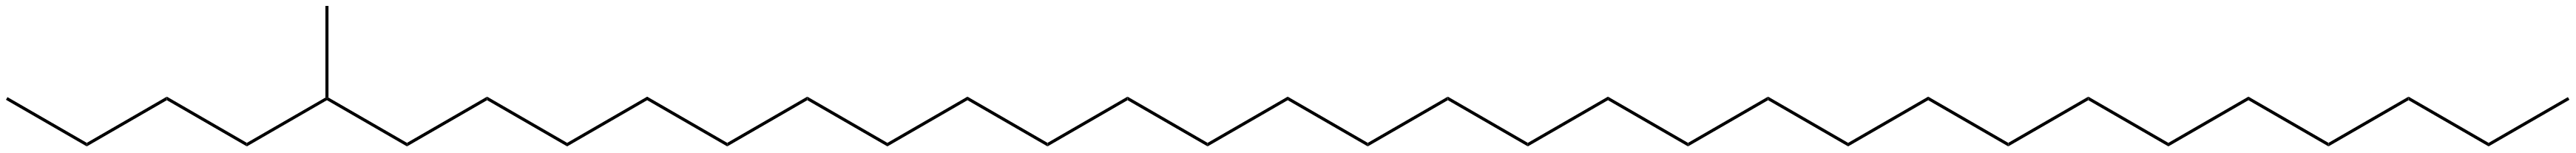 Image of 5-methyltritriacontane
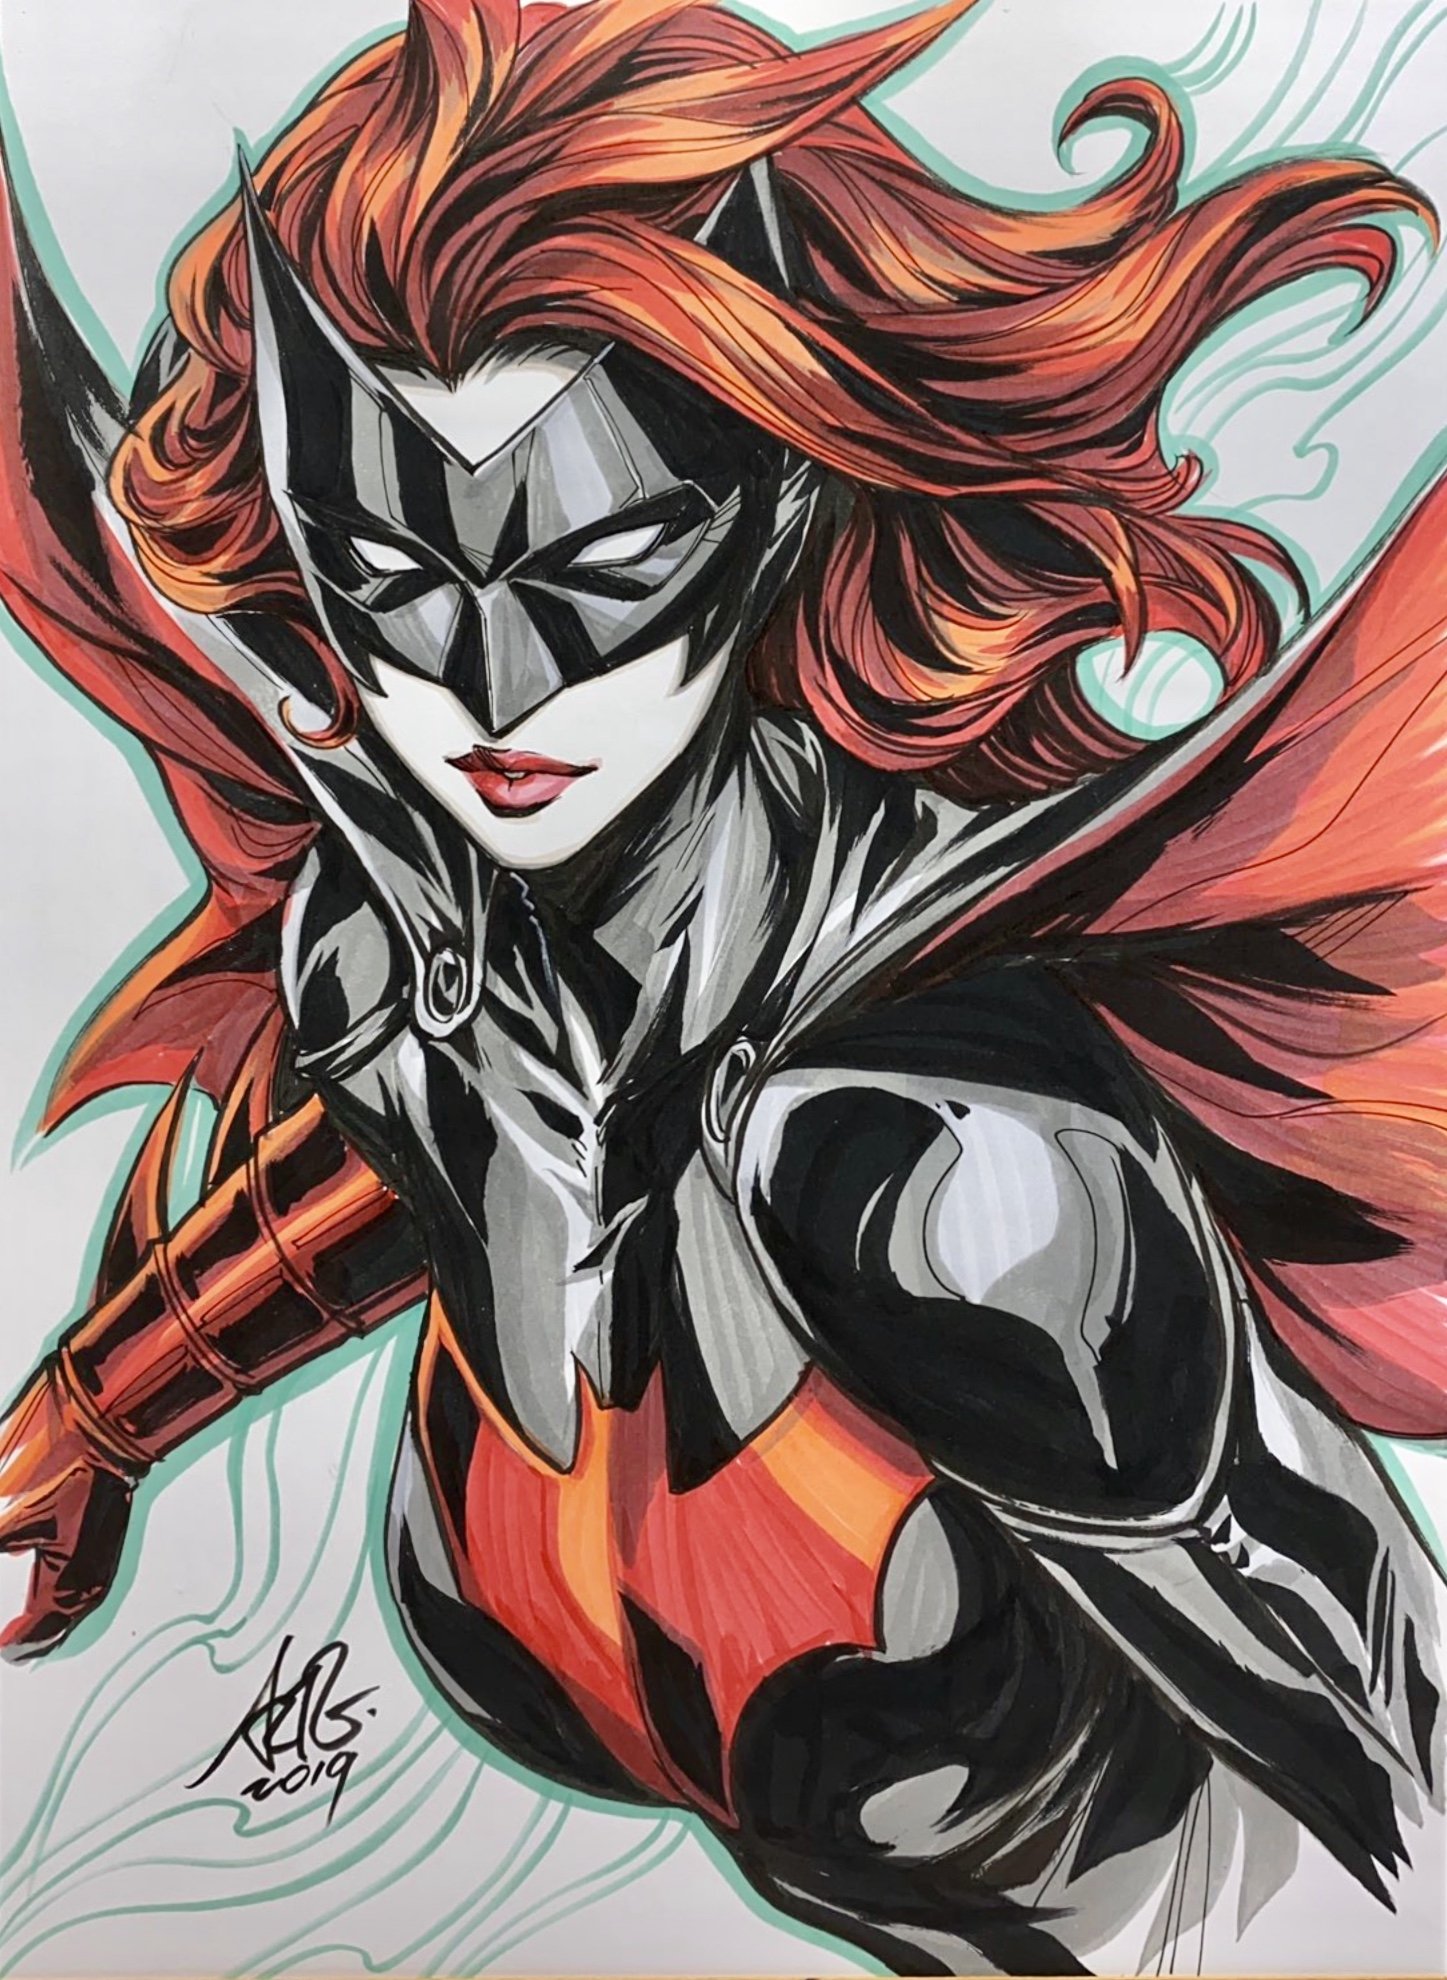 Batwoman Original Sketch Cover Of Ink And Brush 2019 Inktober Art Book Stanley Artgerm Lau In 3978
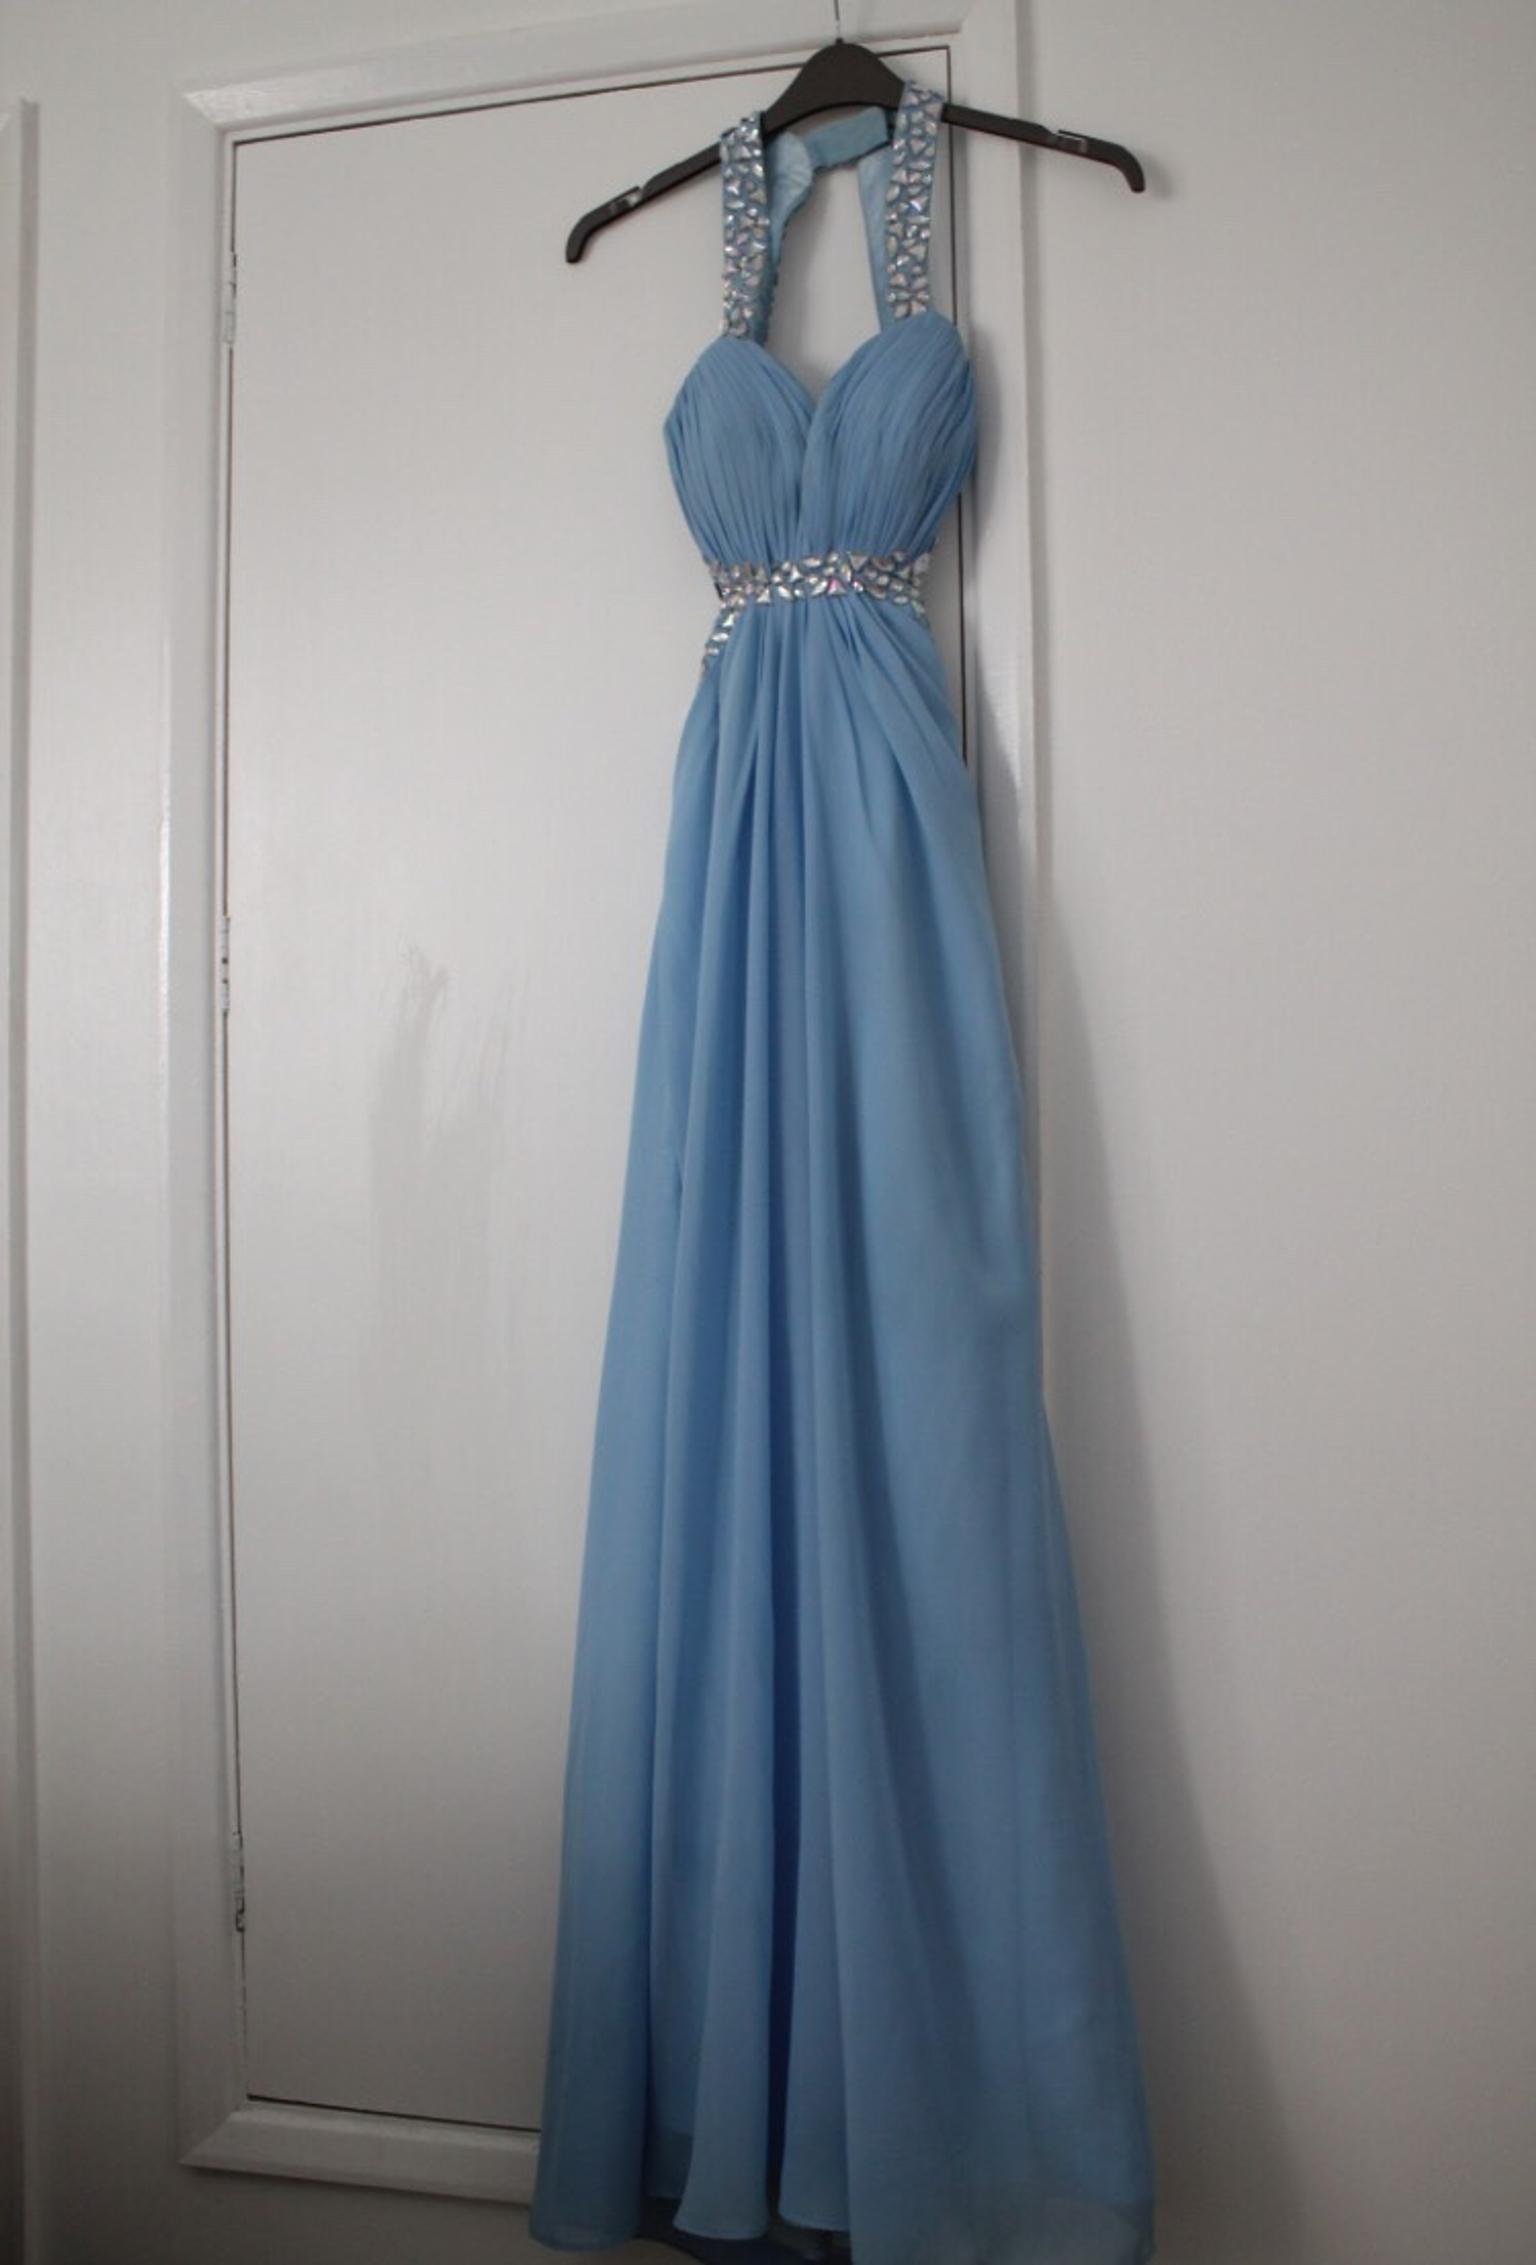 pale blue prom dresses uk

----------------

[What to work on]:
Only the text of the listing above is copied, exactly as written; its pictures are dropped.

[Output of the exercise]:
 Image of 5-methyltritriacontane
 Batwoman Original Sketch Cover Of Ink And Brush 2019 Inktober Art Book Stanley Artgerm Lau In 3978
 pale blue prom dresses uk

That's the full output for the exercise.